Rapid development in Virginia, rich with Civil War battlefields, rolling farmlands and historic sites dating to the nation’s founders, is fueling an effort to dedicate $40 million annually to conserve open spaces.
Compared with neighboring states, Virginia is miserly when it comes to buying precious lands, according to the Conservation Land Coalition. Maryland spends $70 million annually and North Carolina $60 million to protect open lands.
In fact, Virginia is one of the only states on the East Coast that has no automatic annual funding for land conservation.
“Virginia has lagged behind in preserving its lands,” said Trip Pollard of the Southern Environmental Law Center.
At the same time, Virginia has some of the greatest land conservation needs, he and other coalition members said. According to the coalition:
- Virginia lost nearly 450,000 acres of farmland from 1987 to 1997, about 5 percent of the state’s total;
- Virginia has lost an average of 26,000 acres of forests annually between 1997 and 1992, the most recent survey year, and 42 percent of Virginia’s wetlands have been lost since Colonial times.

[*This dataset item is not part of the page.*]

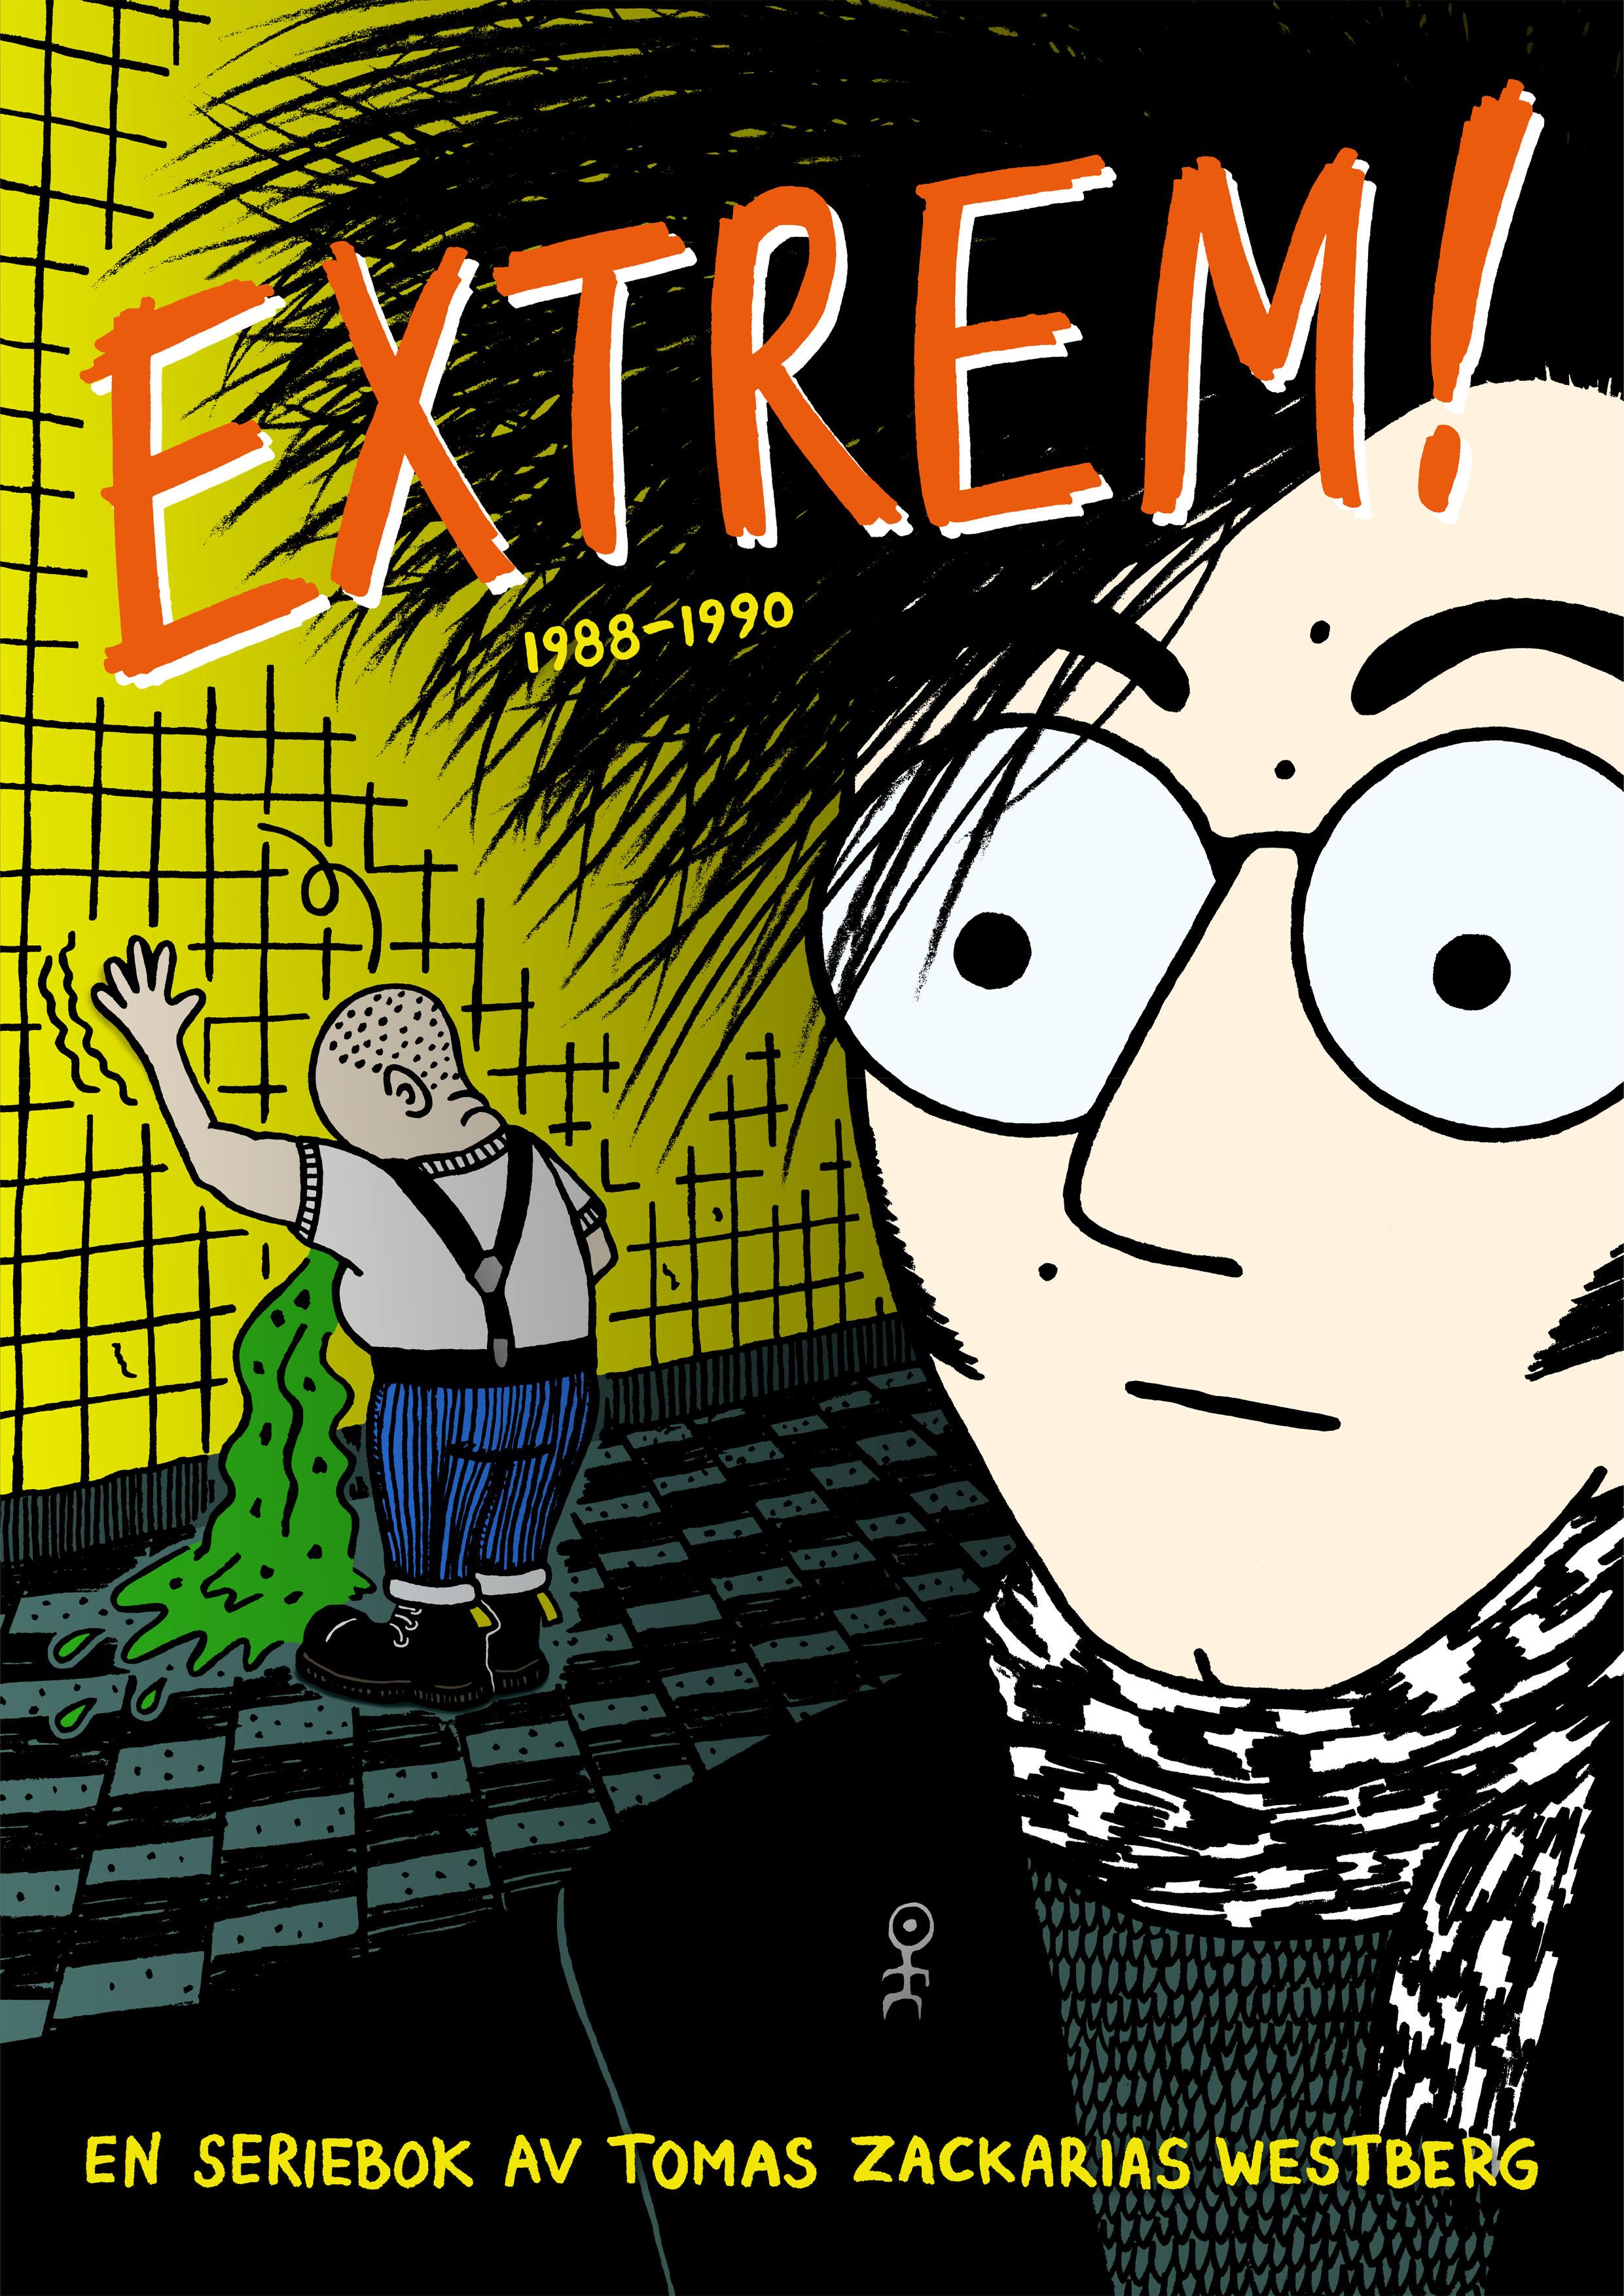 Extrem! 1988-1990
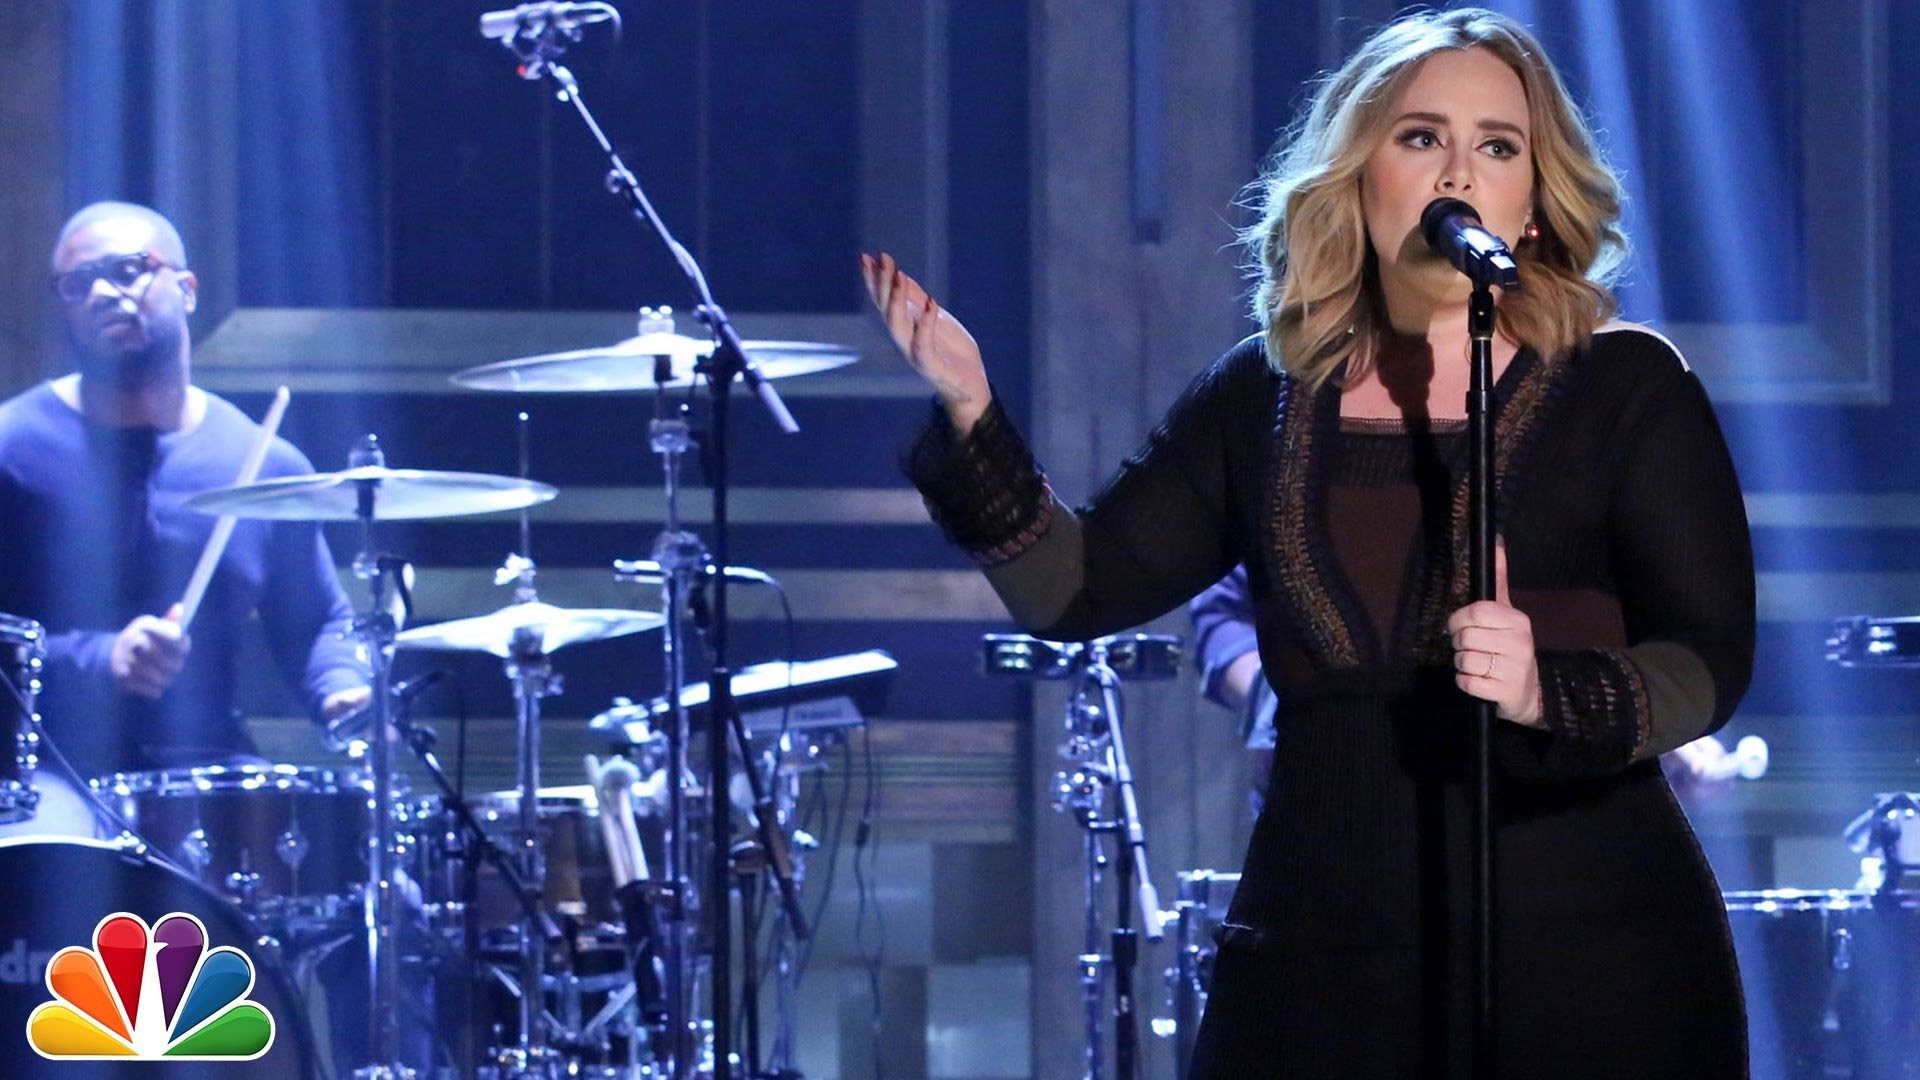 Adele : The Tonight Show (Nov. 2015) photo adele-water-under-the-bridge-lis.jpg

A legislative subcommittee last year recommended that $40 million be set aside annually in the Virginia Land Conservation Foundation, but that figure was whittled down to a one-time appropriation of $1.75 million. The coalition is urging Gov. Jim Gilmore to include the $40 million in his budget to be released in December, although that appears to be a longshot.
Gilmore spokeswoman Lila Young said the governor favors using tax incentives to encourage landowners to sign conservation easements that prevent development. “Virginia is not in the business of having the government buy the land outright,” she said.
One such tax credit to encourage conservation easements goes into effect in 2000.
Virginia spends little to buy properties, but has set aside 127,000 acres through conservation easements, said Paul Ziluca, chairman of the Virginia Outdoors Foundation, which oversees the easement program.
Michael Lipford, Virginia director of the Nature Conservancy, said easements alone will not work, especially when the owners of precious lands can make a bundle by selling to developers. Besides, a large chunk of the $40 million could be used for easements anyway, he said.
“We hope the administration includes this funding in its budget,” he said.
To generate interest in the effort and to call attention to Virginia’s disappearing historic resources, the Preservation Alliance of Virginia is creating a list of the 10 most endangered historic places in the state. It has sent nomination forms to groups around the state and will announce its list in May 2000.
“I grew up in New York and there the Civil War was a chapter in a history book,” said Charles Seilheimer, a member of the preservation alliance board. “Land we discard would be revered in 45 other states.”
Every year the state fails to act, it loses more historic lands, he said. “You never find a shopping mall being turned back into a historic battlefield,” Seilheimer said.